I have a patient with a history of severe systemic symptoms following three insect bites. Hymenoptera skin testing and lab testing was negative; fire ant skin testing and lab testing was negative. Tryptase was normal. The patient identified triatoma on pictures as being likely culprits. As far as I know, there is no commercially available testing or treatment for triatoma allergy. Have there been any advances in testing or treatment for triatoma allergy? We are considering daily antihistamine therapy and avoidance measures. Is there any evidence that omalizumab might be helpful for prevention of systemic symptoms in the event that she is bitten again?

This question was previously addressed in Ask the Expert and that answer is provided below. I looked through pubmed and was not able to find any further information on this topic.

Andrew Murphy, MD, FAAAAI

Q: 7/22/2013
I have a patient who has had two systemic reactions to the bite of a kissing bug (Triatoma Protracta). Is anyone doing research on this insect as I do not know of an extract to test with, rast test, or treatment option other than an Epipen. If there is research ongoing and this person could participate in some way, I would be glad to be of assistance as we do research in this office.

A: There is, to my knowledge, no commercially available test for IgE anti-triatoma.
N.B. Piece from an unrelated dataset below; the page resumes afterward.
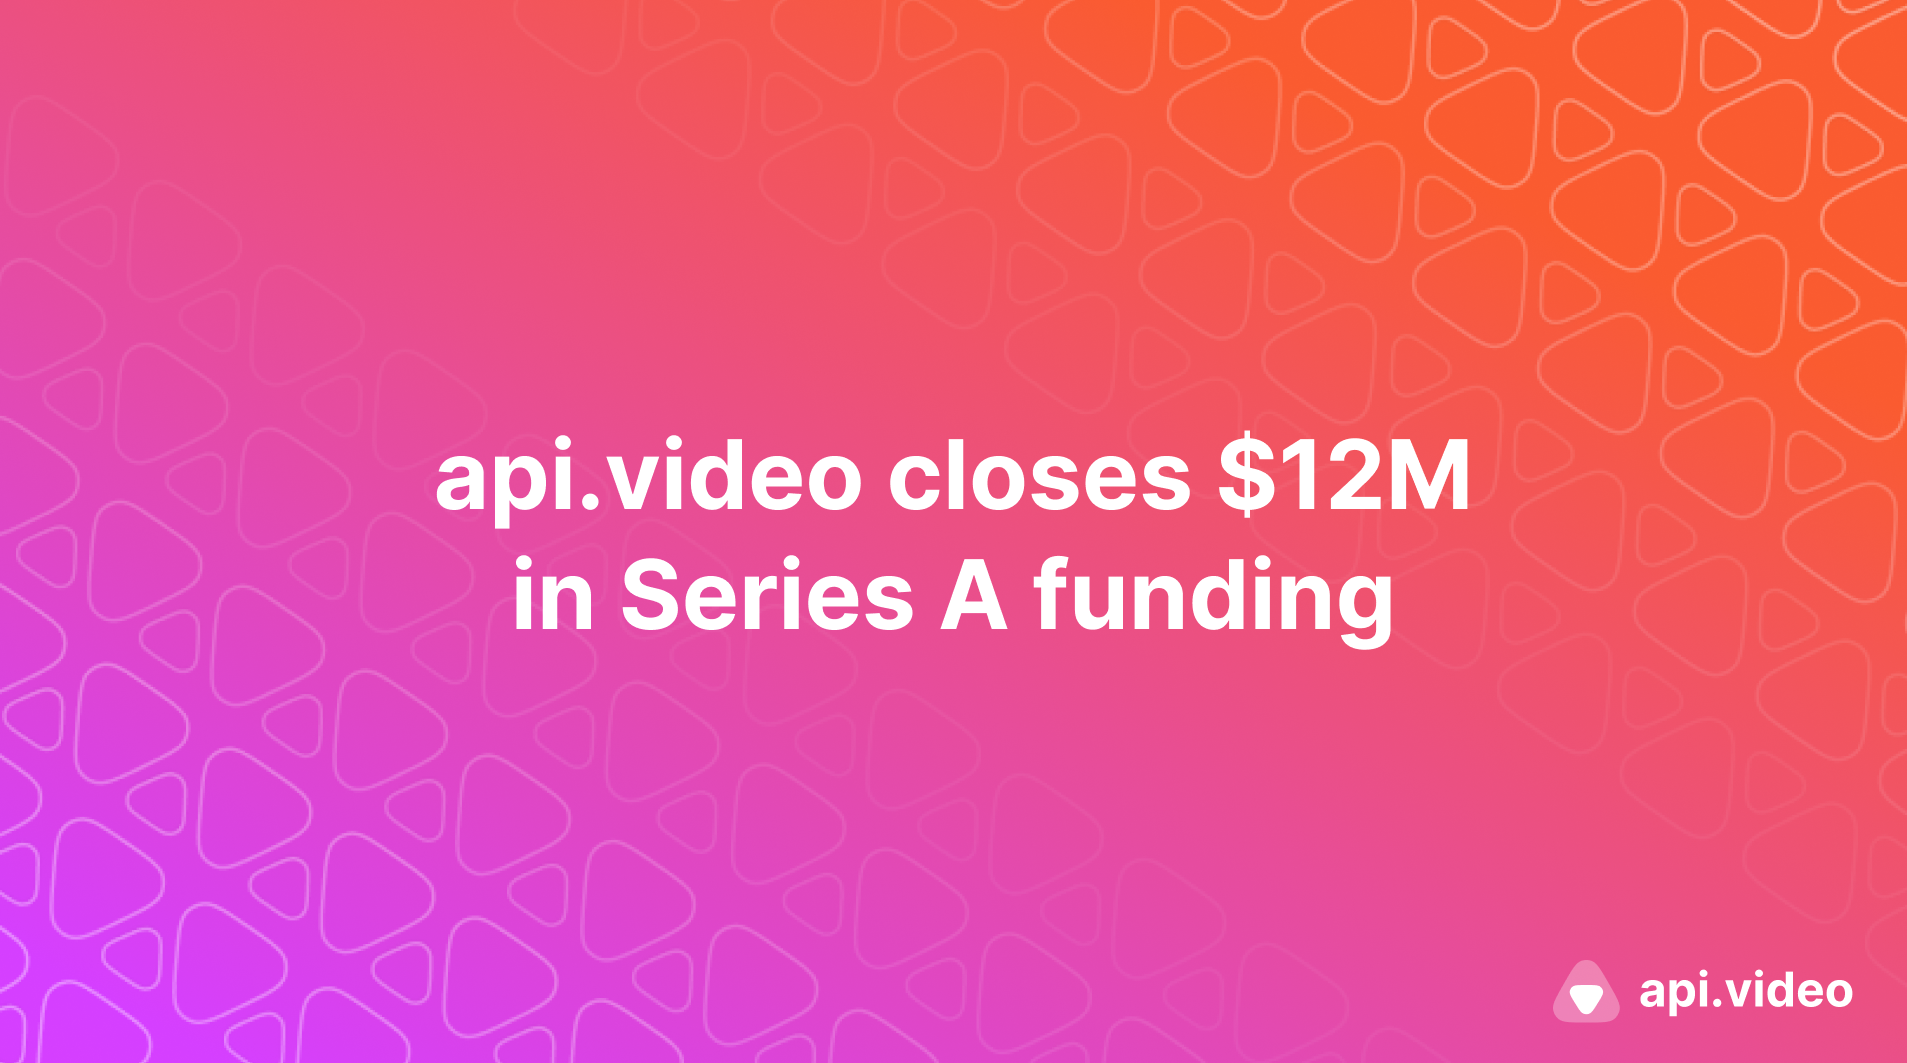 We raised $12M to let you join our video first world

However, both Mayo Clinic Laboratory and Quest Laboratory offer an IgG ELISA to detect an immune response to triatoma. Although, of course, this test would not be useful to detect any “allergic” sensitization, it would be helpful to document that your patient has at least been bitten and developed an immune response to the bug.

At this time, I am not aware of any treatment other than epinephrine for the acute episode and attempts to rid the home environment of the bug. There have been successful reports (see abstract copied below by Rohr, Saxon, et al.) of desensitization to triatoma venom, but since, at least to my knowledge and based upon a search, no venom is available for testing or treatment (1), the issue remains moot at this time.

Parenthetically, there is an excellent fairly recent review of triatoma allergy which is available to you at no charge online. The abstract is also copied below (Klotz, et al.).

However, since I was unable to find any ongoing research protocol for venom available for testing or treatment, I am going to ask Dr. Jacob Pinnas, who has published extensively in this area, to respond to your inquiry as well. When I hear from Dr. Pinnas, I will forward his response to you.

J Allergy Clin Immunol. 1984 Mar;73(3):369-75.
Successful immunotherapy for Triatoma protracta-induced anaphylaxis.
Rohr AS, Marshall NA, Saxon A.
A successful program of immunotherapy for Triatoma protracta-induced anaphylaxis was developed. This program included a new passive extract-antigen preparation standardized by RAST inhibition. This antigen facilitated the development of a reliable skin test protocol for in vivo diagnosis of Triatoma protracta allergy. Five patients with T. protracta-induced anaphylaxis underwent a rapidly increasing dosage schedule of immunotherapy. The IgE- and IgG-antibody responses during immunotherapy were followed with solid-phase RIA. Protection against anaphylaxis was confirmed in all patients with a "bite challenge" by T. protracta. This is the first report of completely successful T. protracta immunotherapy.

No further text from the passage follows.